Structure and cohesin-dockerin interface of RfCohScaB3-Doc1a and RfCohScaA-Doc1b. (A) Structure of RfCohScaB3-Doc1a complex with the dockerin in green and the cohesin in light blue. The dockerin N- and C- terminus and the α-helices are labeled, and a dotted molecular surface representation is shown. The cohesin blue molecular surface is represented. (B) Structure of RfCohScaA-Doc1b complex with the dockerin in gray and the cohesin in brown, using a similar layout as in panel A. but showing instead the transparent gray molecular surface of the dockerin. (C) Overlay of both complexes showing the main polar interactions at the Coh-Doc interface. (D) Overlay of both complexes showing the main hydrophobic interactions at the Coh-Doc interface. In panels C and D. the most important residues involved in Coh-Doc recognition are depicted as ball&stick configuration, with a dark background label for the Doc residues and a light background label for the Coh residues, using the Doc1a/Doc1b and CohScaB3/CohScaA numbering. Solid black lines mark hydrogen-bonds interactions. Ca2+ ions are depicted as purple spheres. In all panels, the transparent orange disk marks the plane defined by the 8-3-6-5 β-sheet, where the β-strands form a distinctive dockerin-interacting plateau.
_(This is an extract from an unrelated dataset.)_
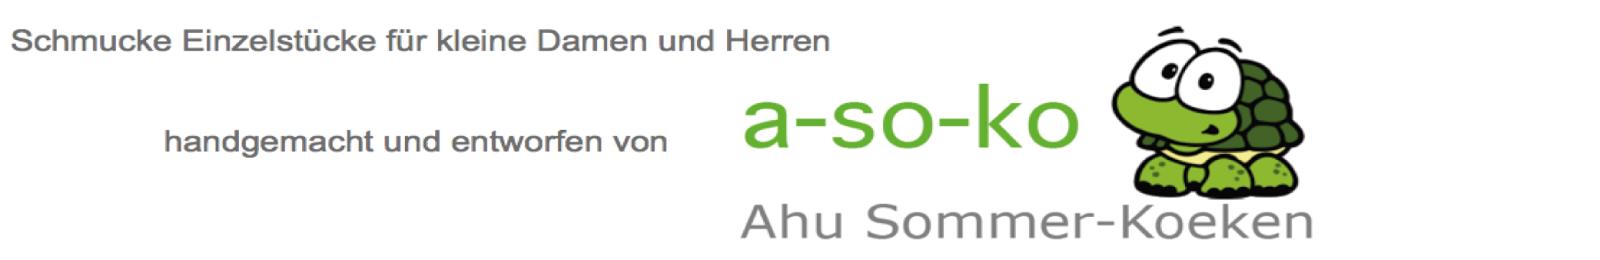 a-so-ko
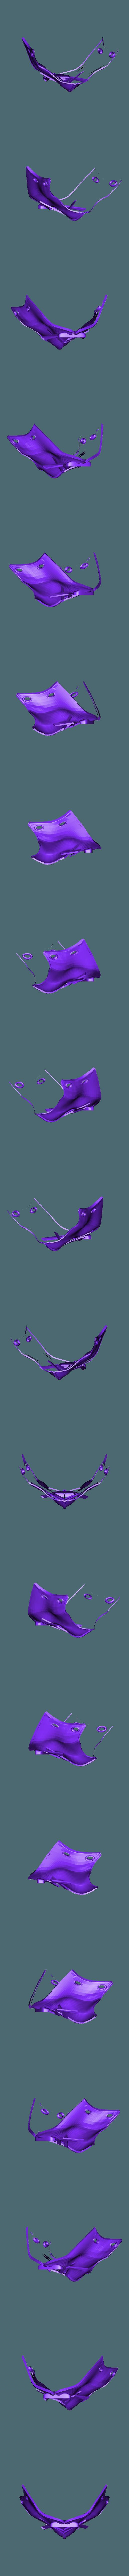 model alan walker barra.stl Download free 3DS file Alan Walker Coronavirus protection mask (COVID-19) MOD 1 #3DvsCOVID19 • 3D printer object, ronaldocc13

Structures of RfCohScaB3 and RfCohScaA in complex with their cognate Docs

The structures of R. flavefaciens RfCohScaB3 and RfCohScaA Cohs in complex with RfDoc1a and RfDoc1b, respectively display striking structural similarities presenting a rmsd of 0.45 Å over 136 main chain carbon atoms. As proposed above, the Doc-interacting β-sandwich face comprised β-strands 8, 3, 6 and 5 (Figure S2). No α-helices were identified in RfCohScaB3 and RfCohScaA Cohs (Fig. 2A,B; Figure S2), and they thus lack the distinctive α-helix connecting β-strands 4 and 5 in other bacterial Cohs as well as the large β-flap disrupting β-strand 8, previously observed in the R. flavefaciens ScaC group 3 Coh (ref. 12; Figure S2). The structure of RfCohScaB3, whether unbound or in complex with RfDoc1a, was essentially identical (rmsd ~0.37 Å). Thus, similar to previous descriptions15, 16, Cohs appear to be highly stable modules that do not undergo significant conformational changes upon binding to their Doc ligands.
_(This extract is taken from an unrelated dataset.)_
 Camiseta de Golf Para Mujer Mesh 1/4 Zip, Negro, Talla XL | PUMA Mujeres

Structures of RfDoc1a and RfDoc1b in complex with their cognate Cohs

The structures of RfDoc1a and RfDoc1b in complex with RfCohScaB3 and RfCohScaA Cohs, respectively, comprise two α-helices arranged in antiparallel orientation extending from residues (using RfDoc1a/RfDoc1b numbering) Ile-39/Ile-39 to Tyr-55/Phe-55 (helix-1) and Val-76/Asn-84 to Leu-89/Leu-97 (helix-3). The two loops connecting these structural elements, in RfDoc1a and RfDoc1b, contain a seven-residue α-helix (helix-2) extending from Asp-59/Ala-67 to Ala-65/Gly-73, respectively (Fig. 2A,B). The tertiary structures of RfDoc1a and RfDoc1b adopt a similar fold with an rmsd of 0.9 Å over 68 main chain carbon atoms. Major structural differences between RfDoc1a and RfDoc1b Docs involve the loop extending from helix-1 and helix-2, which is longer in RfDoc1b reflecting the previously identified longer linker region connecting the two duplicated repeats of group 1b Docs10. The overall tertiary structure of RfDoc1a and RfDoc1b is very similar to the enzyme-borne Docs from C. thermocellum (rmsd of ~1.4 Å, over 64 residues), A. cellulolyticus (rmsd of ~1.8 Å, over 67 residues), and R. flavefaciens group 3 Doc (Doc3) that binds the ScaC Coh (rmsd of 1.82 Å, over 59 residues). Both RfDoc1a and RfDoc1b contain two Ca2+ ions coordinated by several amino-acid residues, similar to the canonical EF-hand loop motif described in all other Docs18. The Ca2+ bound to the N-terminal repeat has a typical n, n + 2, n + 4, n + 11, plus a water molecule, pattern of coordination (Figure S3). In contrast, the second Ca2+-binding region has an atypical coordination arrangement of n, n + 6, n + 12 plus a water molecule (Figure S3).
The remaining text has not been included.